Matt Bomer: Larry Kramer saved my life
LOS ANGELES—“On some level, Larry Kramer probably saved my life,” Matt Bomer declared about the playwright, public health advocate and gay rights activist behind “The Normal Heart.” When Matt was 14 years old, he read the play, which resulted from Larry’s frustration with the bureaucratic paralysis and apathy of gay men when AIDS was spreading in the 1980s.
“If I hadn’t read him, there were so many things that I wouldn’t have known, coming into my formative years and young adulthood,” said Matt in an interview at The London Hotel in Manhattan. “While the play inspired me, it also scared me—that served me well as an adult.”
Matt is in the cast of the long-awaited TV-movie adaptation by HBO of “The Normal Heart,” a largely autobiographical play on the beginnings of the AIDS crisis in the early 1980s from the perspective of Ned Weeks (played by Mark Ruffalo), a gay activist whose aggressive tactics contrast with the less confrontational method opted by his friends, including his lover, Felix Turner (Matt).
Matt, who is reportedly reprising his Ken role in “Magic Mike XXL,” said that when he first read the play in his early teens, he became aware of the AIDS/HIV crisis. “I knew that there was an inherent risk of death with sex.”
The Texas native recalled, “I was living in suburban Texas and had a very progressive drama teacher who would order plays that were going on and off Broadway so we could read them.

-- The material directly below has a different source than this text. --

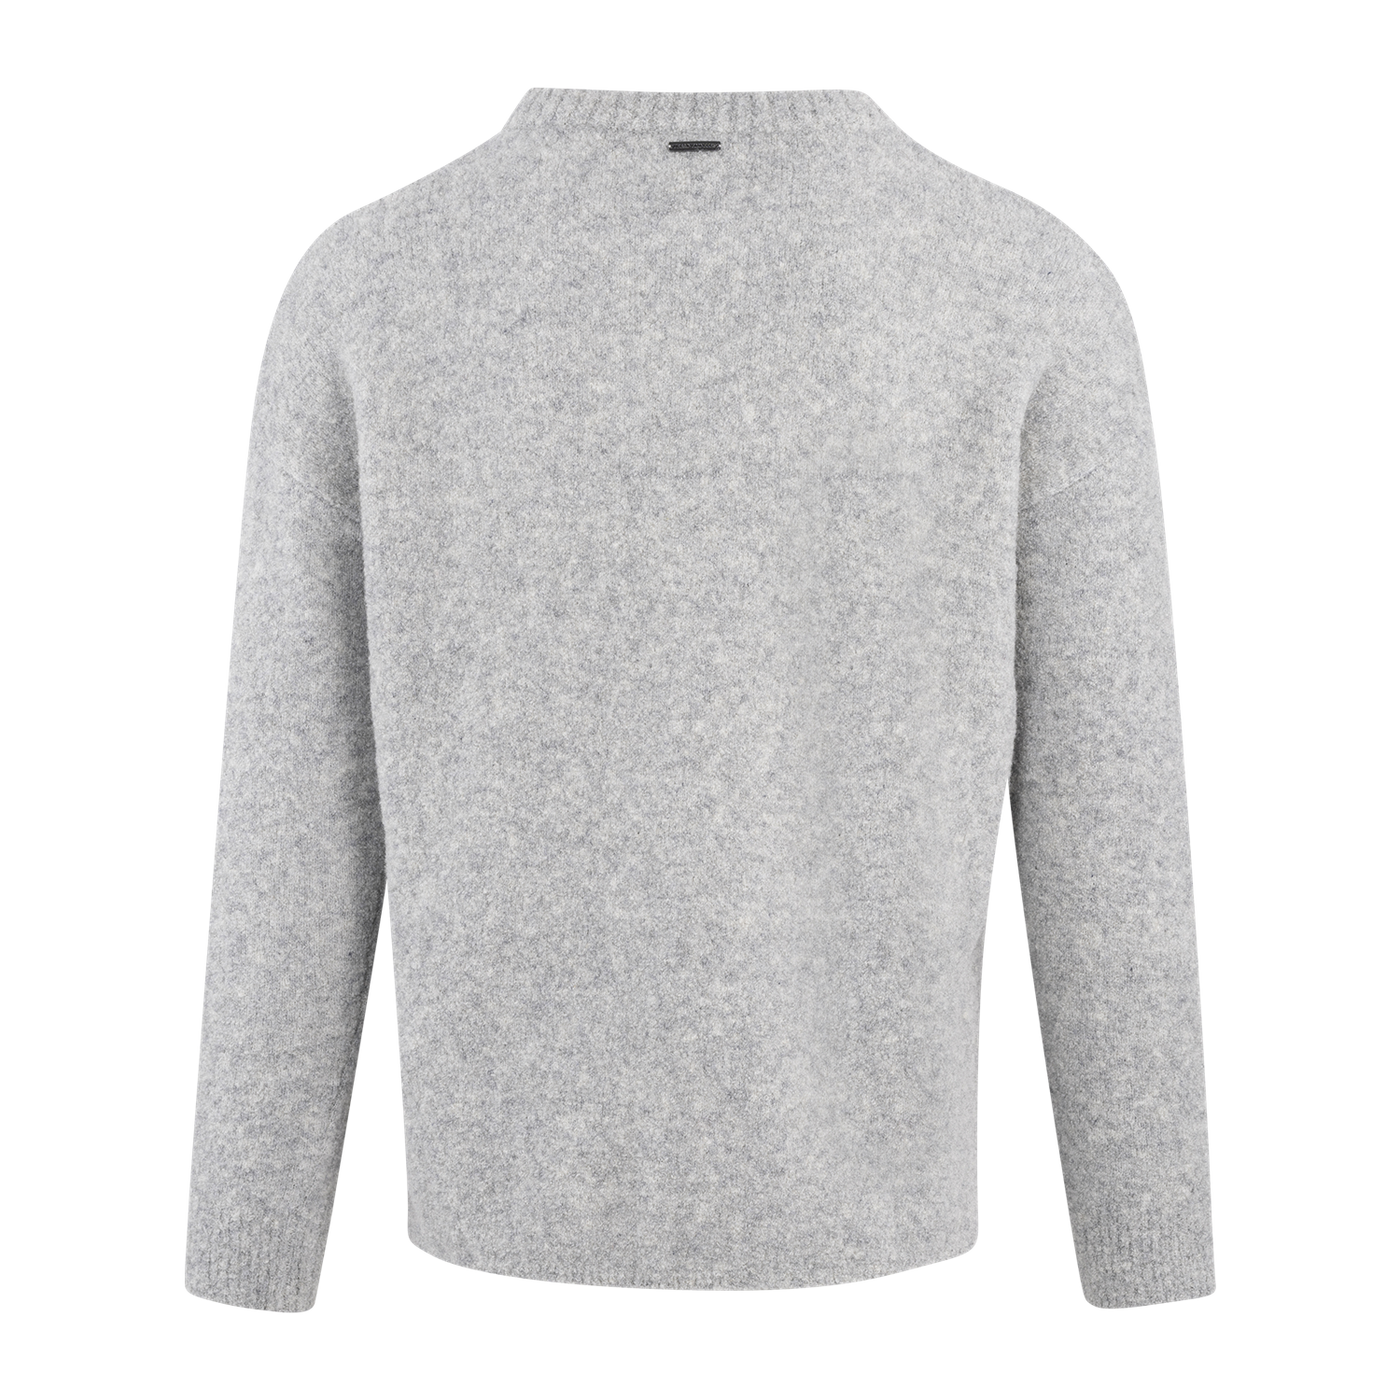 Perot sweater

I was immediately struck by the social injustice, the way the gay community was being treated. It immediately lit a fire in my belly.”

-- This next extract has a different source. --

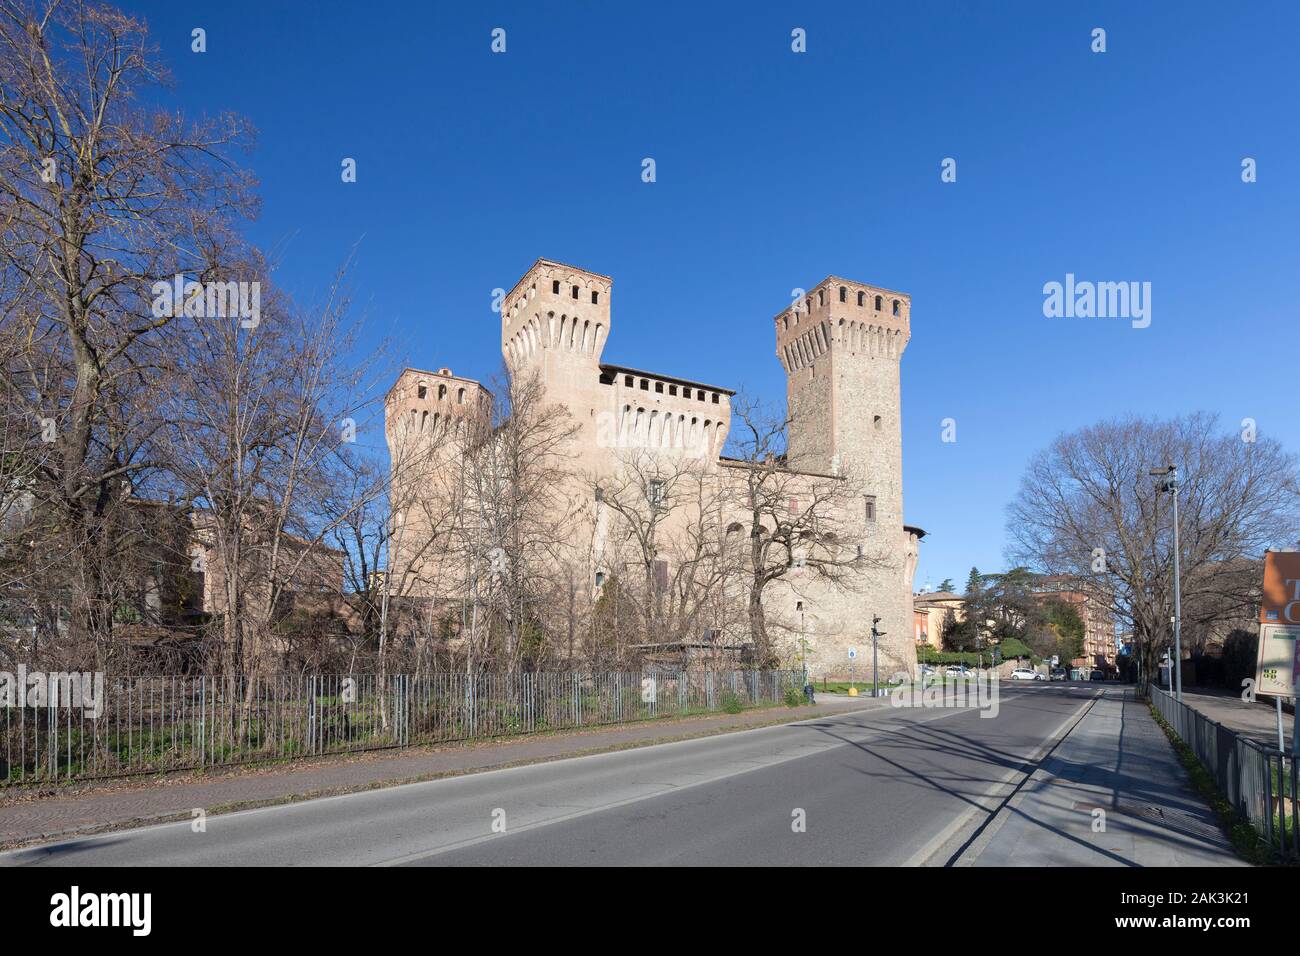 The Vignola castle, Vignola, Italy Stock Photo

In high school, Matt was dating girls. He said it wasn’t until he was in his early 20s that he had homosexual relationships.
Matt came out as gay in 2012 when he acknowledged his partner, publicist Simon Halls, and their sons (an 8-year-old and a set of 6-year-old twins) through surrogacy, in his acceptance remarks as the recipient of a Steve Chase Humanitarian Award. He and Simon had a private wedding in 2011.

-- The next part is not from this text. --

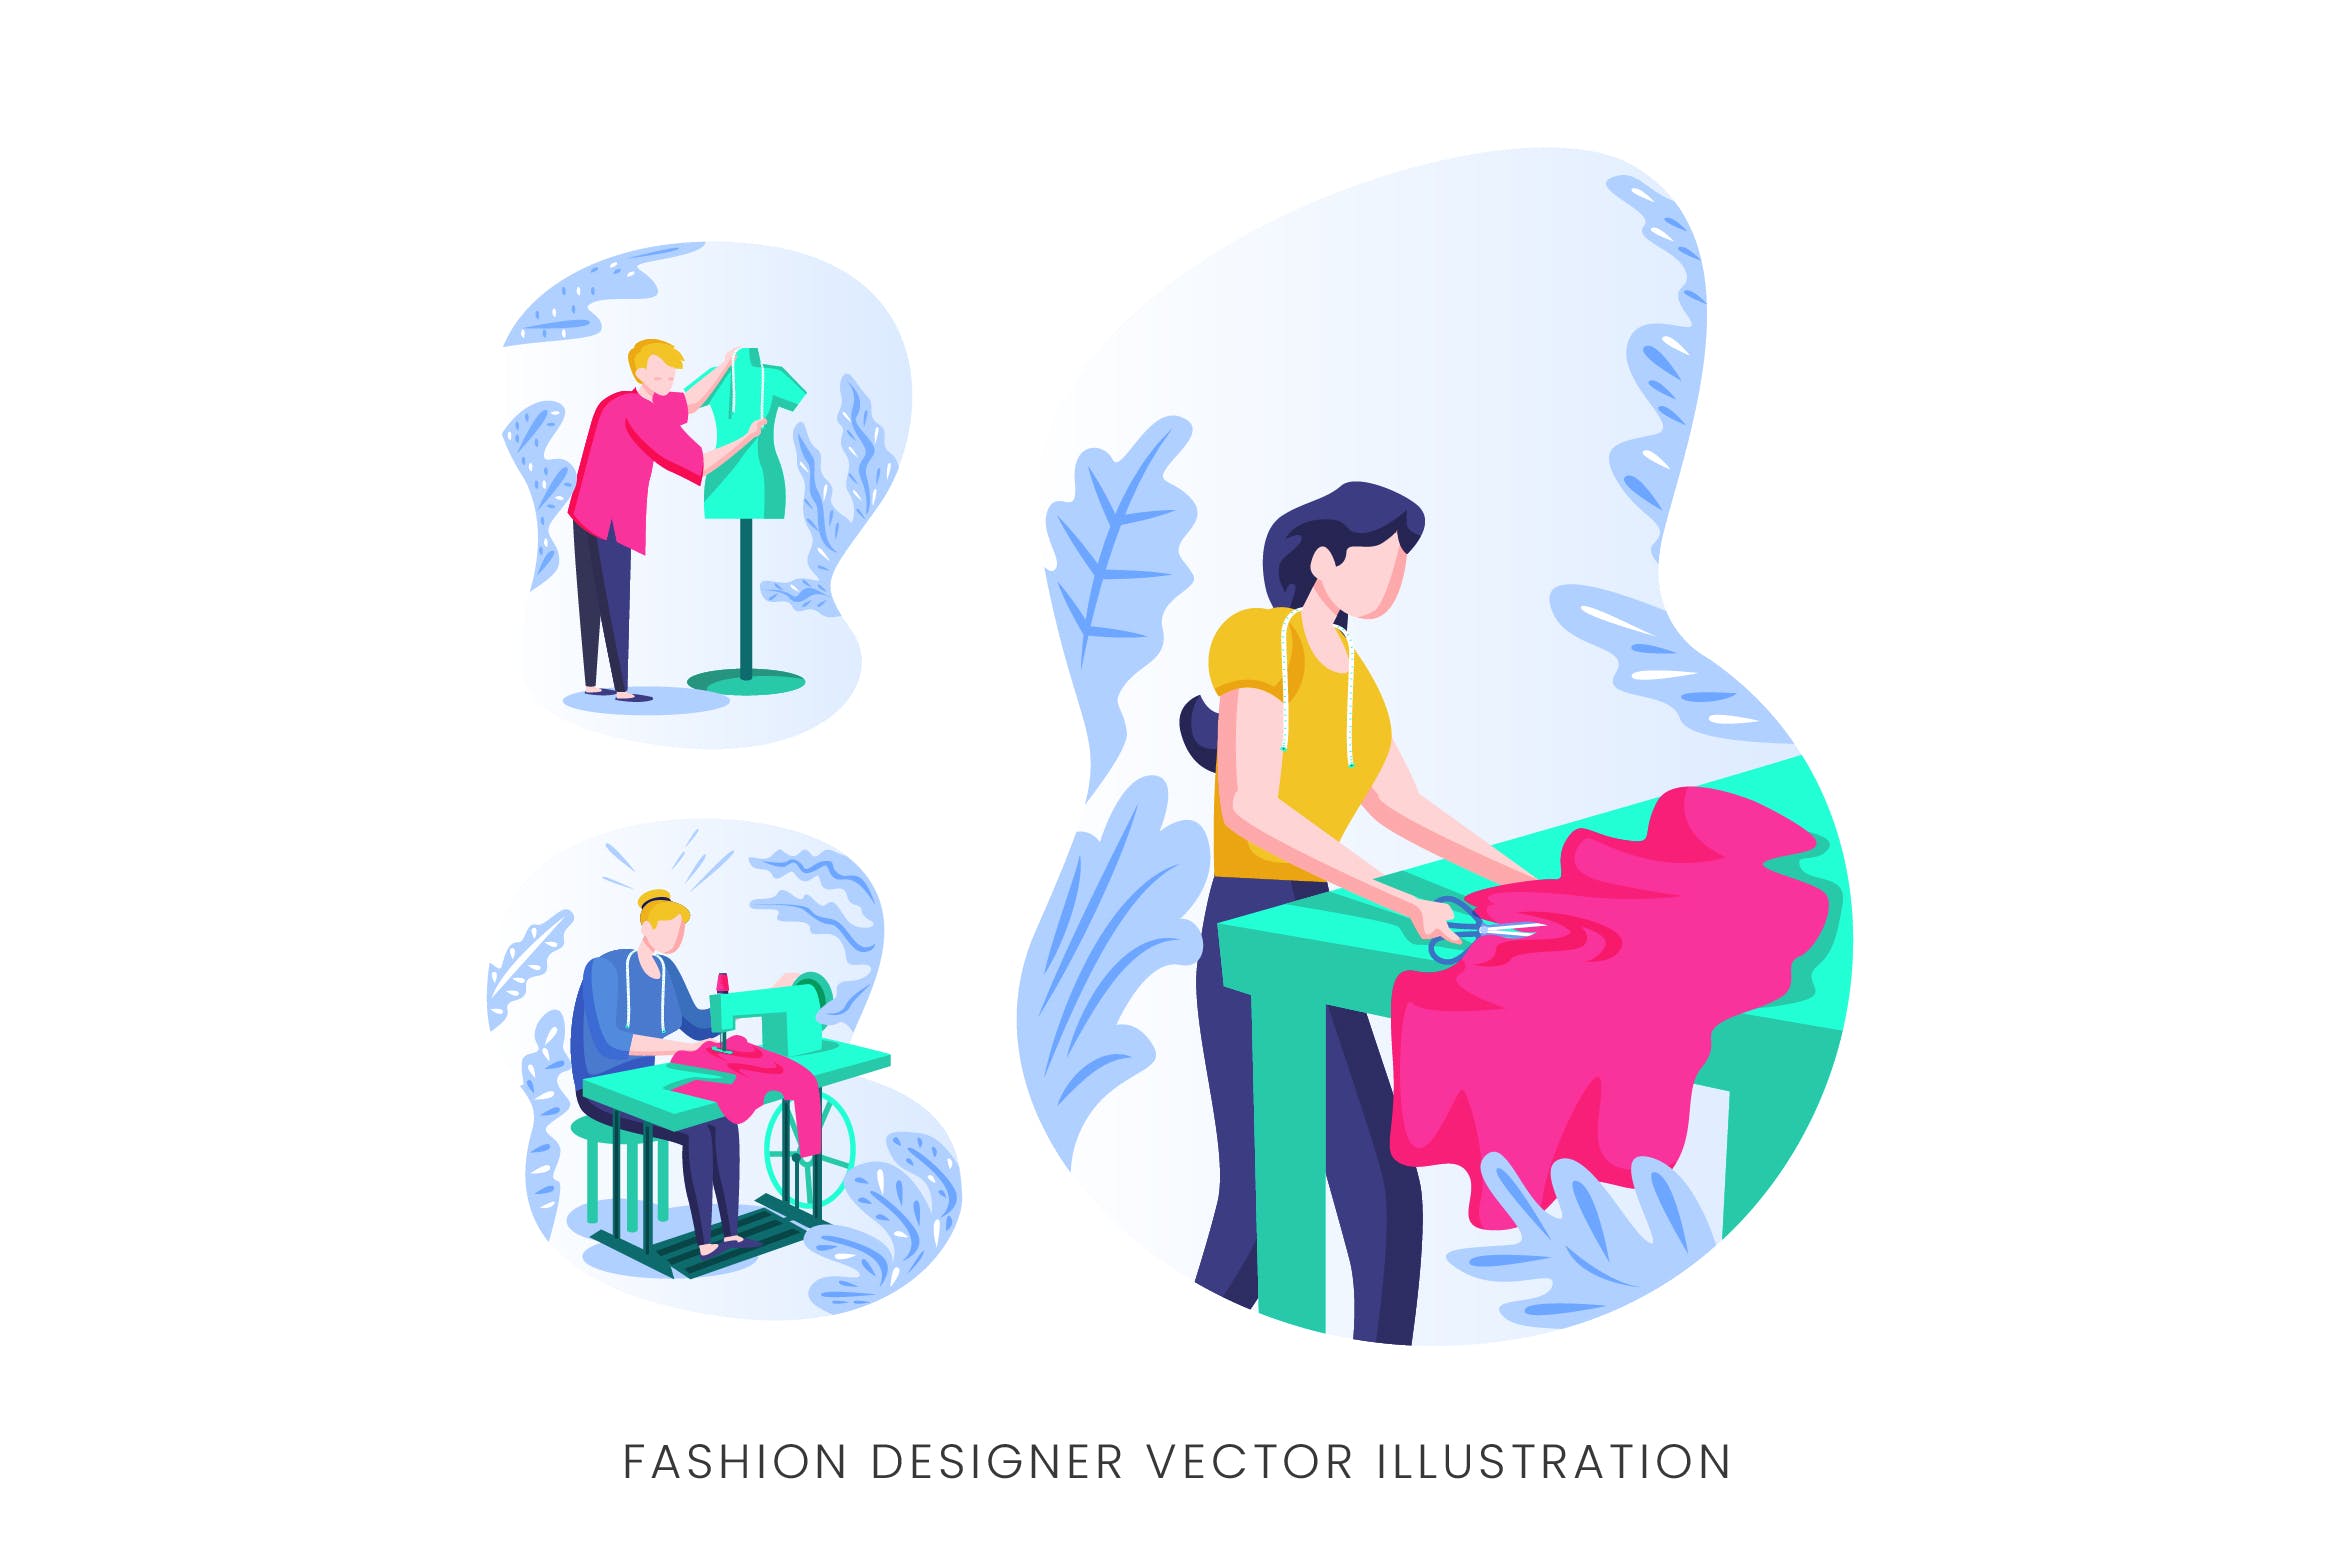 时装设计师人物形象矢量手绘手绘蚂蚁素材精选设计素材 Fashion Designer Vector Character Set插图

The actor who started in theater and TV soap dramas expressed gratitude to advocates and AIDS/HIV advocacy groups in the 1980s who championed gay rights and issues. “I know that I wouldn’t have the right to get married today if it weren’t for people like Larry Kramer (now 78) and those organizations,” he stressed.
He is buoyed by the attitude of his kids’ generation. “They are so open-minded and accepting, at least in New York and LA,” Matt said. “They care (more) about your character. Our kids go to school. And the kids there don’t bat an eye that our children have two dads.”
Matt, who will play closeted actor Montgomery Clift in “Monty Clift,” claimed that before coming out, he was open about his sexuality in his circle. “It was never something that I was really closed off about at work. It was something I always shared with my costars.”
Ryan Murphy directs a cast that includes Julia Roberts, Jim Parsons, Taylor Kitsch and Jonathan Groff. “One of the things that this movie captures so beautifully is that activism is not some neat and tidy thing where we all hold hands and sing ‘Kumbaya.’ It’s messy. There were a lot different points of view going on but what did come out was the formation of GMHC (Gay Men’s Health Crisis) and Act Up (Aids Coalition to Unleash Power). It really did catalyze the gay rights movement.”
“I was terrified” he said of the challenge that lay ahead of him when he landed the role of Felix, a man dying of AIDS. “I worked really hard. I first met with Ryan on this in 2011. I would rent out a theater space in LA. I found this dingy little theater, and I would go there and practice my scenes on my own.”
On how he lost about 35 pounds to play a dying AIDS patient, Matt commented, “I’m hesitant to give out too many details because it’s something that needs to be medically supervised.” He had about three months to shed the weight for the role.
“Even though I was fatigued, I felt a physical freedom, and I also felt mentally quite sharp,” Matt described how he felt with a lighter weight. “The whole thing was very monastic and spiritual.”
He expressed his hope that people will see “The Normal Heart” “and broaden their sense of compassion and understanding.”
“We’ve clearly come a long way, especially in America, but AIDS has not been eradicated,” he cautioned. “So, it’s important for the younger generation to see this movie, to educate themselves and to have an appreciation for the generation that came before them.”